As part of our coverage of the state authorization issue, we at WCET have met several regulators charged with enforcing those rules.  We asked Alan Contreras, who recently retired from Oregon’s Office of Degree Authorization and is now a higher education consultant, to serve as guest blogger and to answer a question we get asked often:  “Without the federal regulation, why should my institution follow the state laws?”  Of course, we all believe that the federal regulation will return. The Education Department is appealing the decision.  If they lose, they only need to follow their rule-making processes to overcome the court’s objections. Even so, the state laws preceded the federal regulation and remain in place regardless of what happens at the federal level. Thank you to Alan for giving a state perspective.

As the federal regulatory scheme embodied in “rule 609” requiring state approval for all college operations drifts slowly downstream, caught in a variety of legal and political eddies, many colleges have decided that it is perfectly fine, even wise, to quietly do things the way they have always done, without worrying about those pesky state laws. This course of action is not wise.  It is profoundly stupid.

Although it is true that some states do not yet have appropriate processes in place to handle high-volume distance-education and so-called “hybrid” programs that have small on-ground components, they all will eventually and many do already. Recall Bill Cosby’s defining phrase from an early comedy skit about the great biblical flood: to the stubborn and dilatory Noah, God used the simple admonition “How Long Can You Tread Water?

Photo of Alan Contreras
Alan Contreras – Recently retired from Oregon’s Office of Degree Authorization. Now a higher education consultant.

How long, and with what end in mind, do colleges in denial about state laws plan to tread water? The fact is that the law in states where you offer your programs has always applied to your activities. The fact that you hadn’t mentioned what you were doing to the states in which you were operating is evidence of managerial inattention, at best, not of proper operation and certainly not of latent wickedness by those Other States.

Some states regulate nondomestic offering of courses and programs through distance means, others do not.  That is a decision that states get to make under U.S. law, and pretending that it doesn’t really matter has consequences.

Consider the poor student who recently tried to get licensed to practice a profession in a WICHE member state. This student had taken courses online from a regionally-accredited institution based in another state. When he applied for professional licensure in his field, the state licensing board did what it is supposed to do—it checked to be sure that the program was operating legally under the laws of the state in which the student lived. It wasn’t.  For that reason, the student could not be licensed.  This led to a fair amount of hootin’ and hollerin’ among a pack of unhappy lawyers whose howling at the moon has been largely ineffectual.

In this situation, where does the aggrieved student turn for recompense?
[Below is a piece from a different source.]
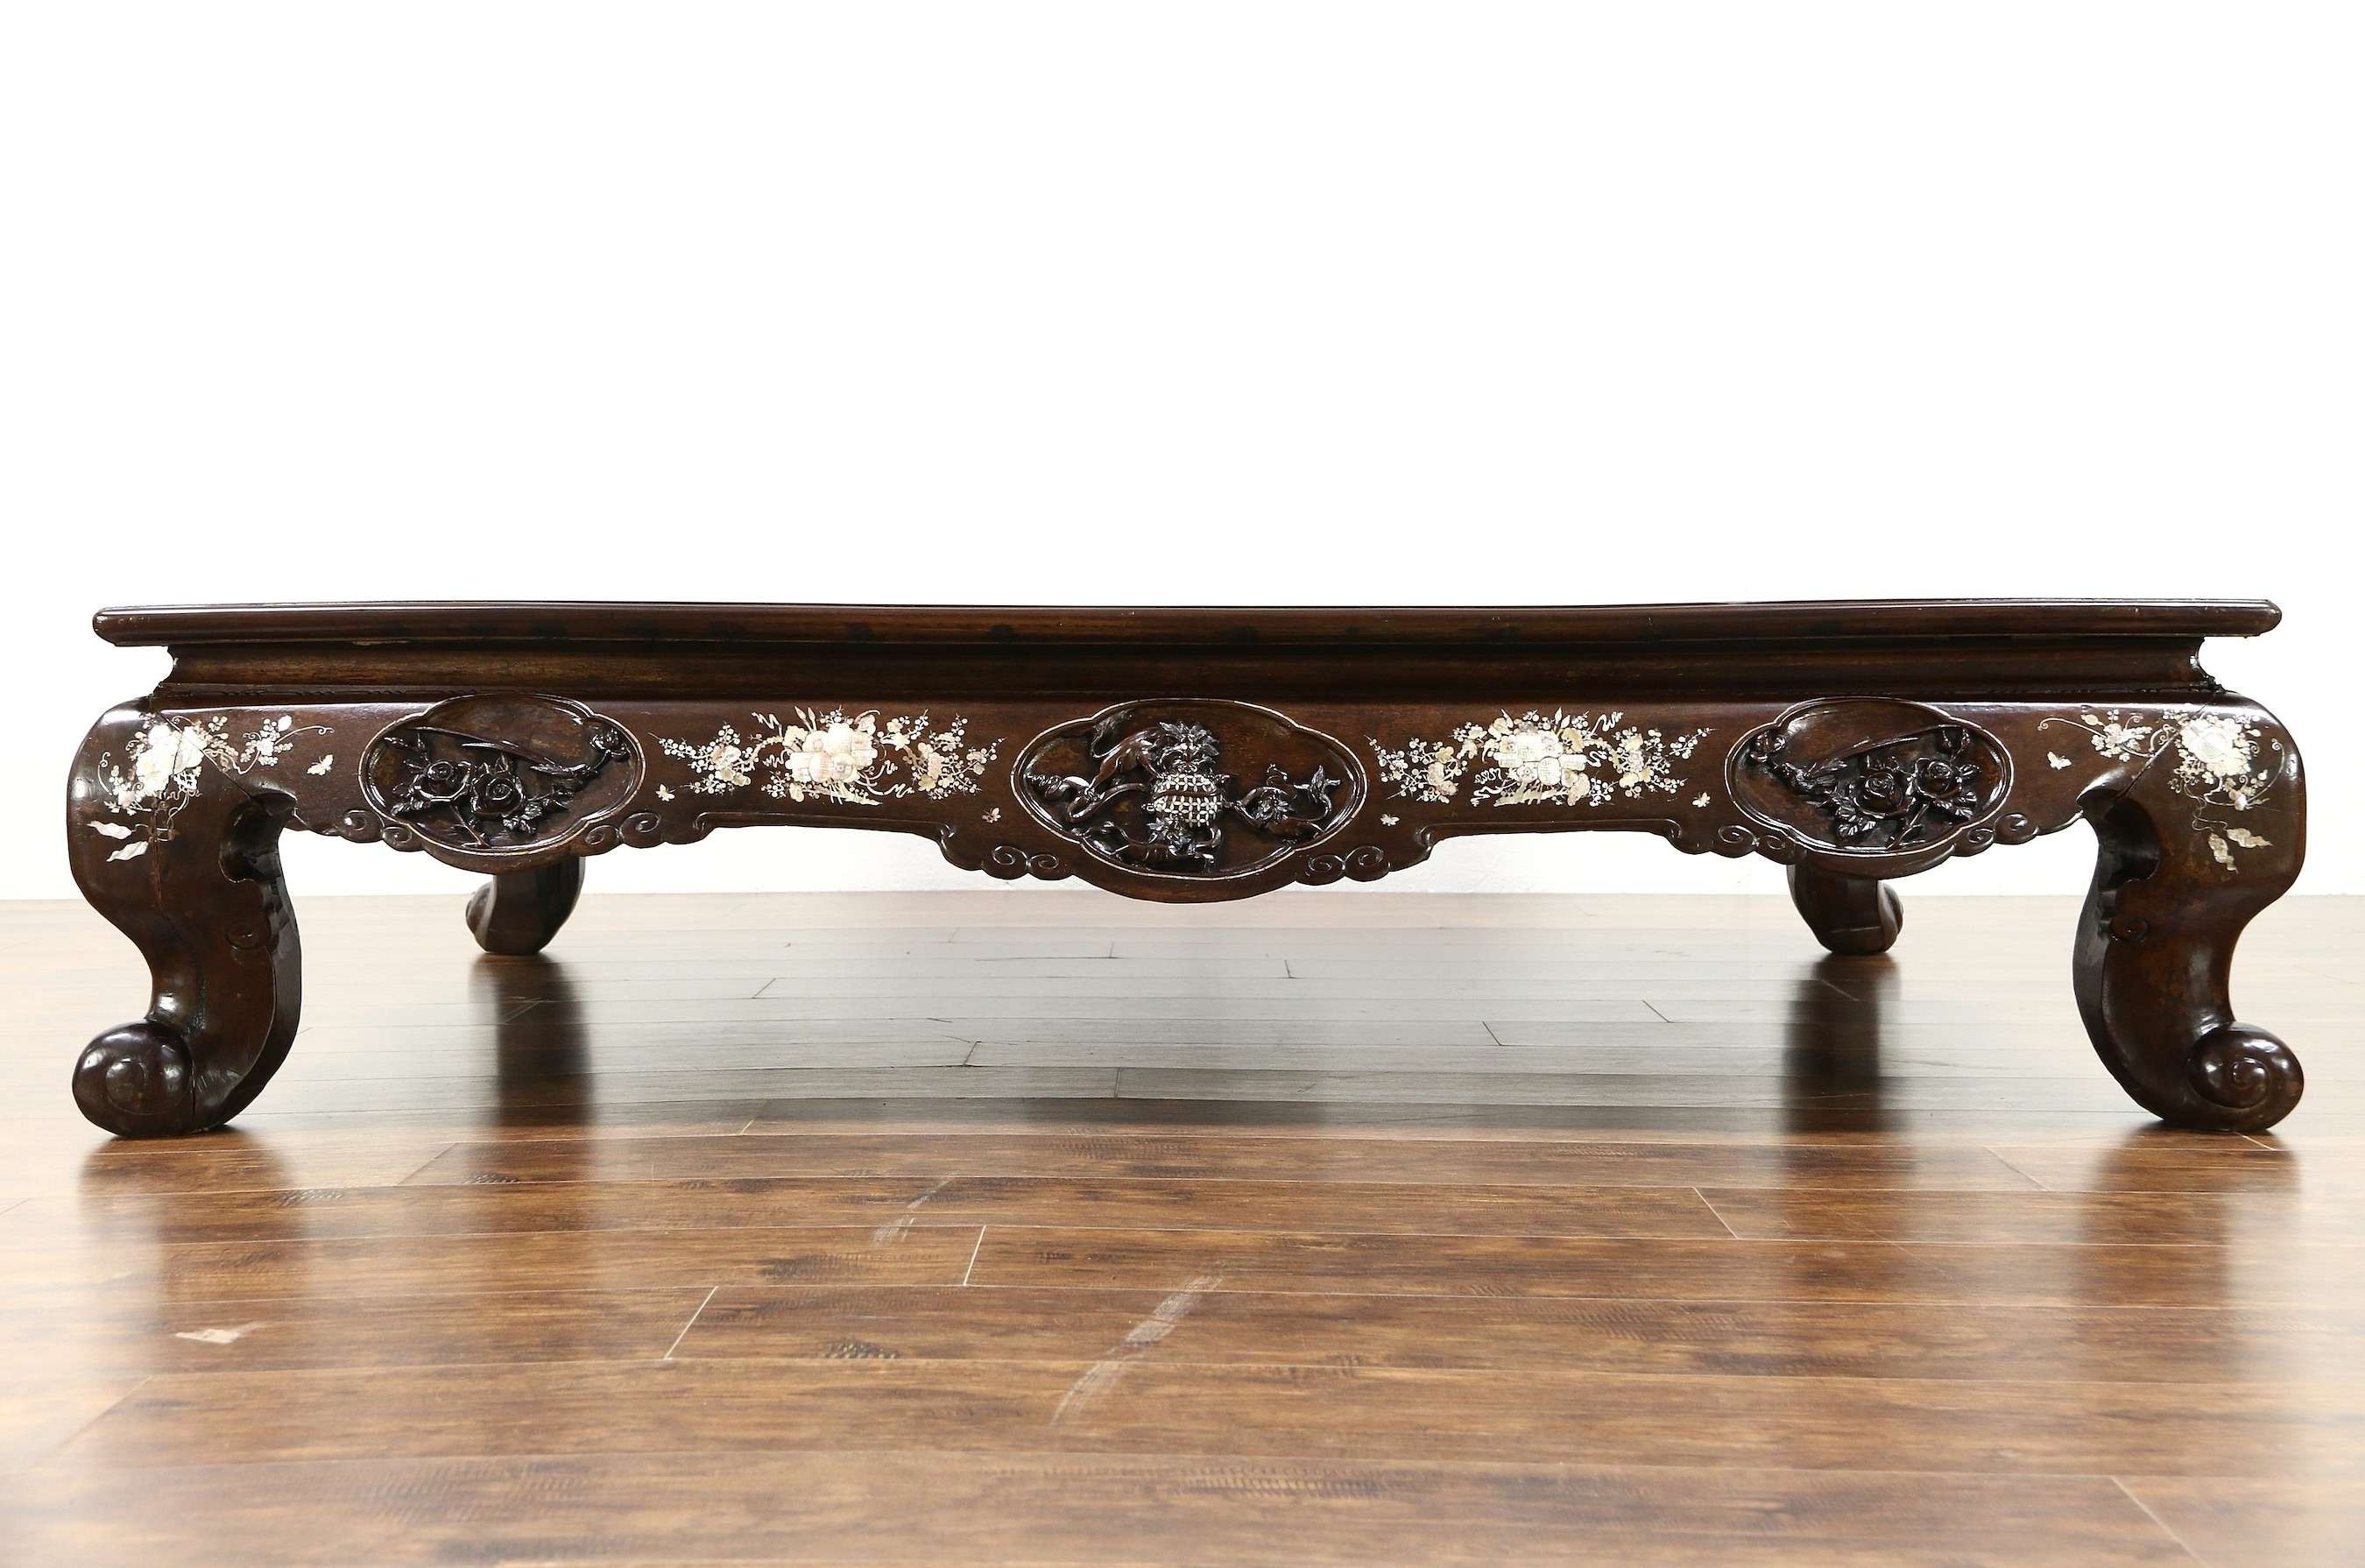 Chinese Rosewood 1860 Antique Low Banquet Dining Or Coffee Table Intended For Fashionable Chinese Coffee Tables (View 4 of 20)

The state licensing board has done nothing wrong – it followed state law.  The state college licensing agency did nothing wrong – it, too, followed state law. The only player that did not follow state law was the college, which makes it the logical target for litigation and public criticism by students whose money has been spent on a credential the utility of which is unexpectedly circumscribed. How exactly does this differ from the actions of those “bad-actor” for-profits who enroll students in programs without telling them that the degree they are getting is not useful?

I don’t know what the eventual outcome of this case will be, as it is still in progress, but I hope that the example offers a cautionary note as to the consequences of ignoring state law on a theory that no one really cares.

You may ask why we don’t have better interstate reciprocity for licensed professions.  Great question, but the answer needs to be addressed in another venue suited to that subject.  As for interstate reciprocity for college authorizations, that is in progress via a Lumina Foundation-funded project managed by the Council of State Governments and the Presidents Forum. WCET staff is involved in that process and WICHE is discussing ways to ensure that even small states with limited oversight capacity are eligible to join the new compact, thus making their domestic colleges eligible for the benefits of simplified interstate operation.

But what happens in the interim?  It will be two to three years before most states can join a new compact covering the interstate offer of online education. A few states may choose not to join. Do you try to work within the laws of states that expect you to do so or do you quietly resubmerge and hope no one notices your periscope until your state joins the new compact?

How long can you tread water? Are you prepared to defend any legal actions related to your illegal, yes, illegal activities in other states?  Offering college degrees without a license is even a criminal offense in some states – whether anyone prosecutes is not especially important when a state says that your college is violating the civil and criminal law – it’s true and it’s in the newspaper.

You can hardly sue another state for pointing out the truth about its own laws and politely asking that they be obeyed. But students in that state can sue you for failing to obtain necessary licenses before suckering them into paying you for a course or degree that is now in limbo or, in worst cases such as the one discussed above, has been declared invalid for use.

In at least one state, offering degree programs without a state license is a felony. Do you really want to spend your time explaining to your local daily or Inside Higher Education why your college has been accused of a crime? And again, you can’t screech that you are not a perp and sue the other state for defamation.  The fact is, you are a perp.

The obligation to obey the law applies to colleges just as it does to everyone else.  As far back as 1936 the nature of collegiate licensure and the obligation to obtain proper approvals was discussed in The Colleges and the Courts, a well-known book on legal issues affecting colleges. The modern restatement that I wrote for SHEEO in 2009 (The Legal Basis for Degree-Granting Authority in the United States) offers updated information but does not offer any changes to the fundamental interpretation of U.S. law. There is simply no excuse for a college to not know that it needs to be licensed.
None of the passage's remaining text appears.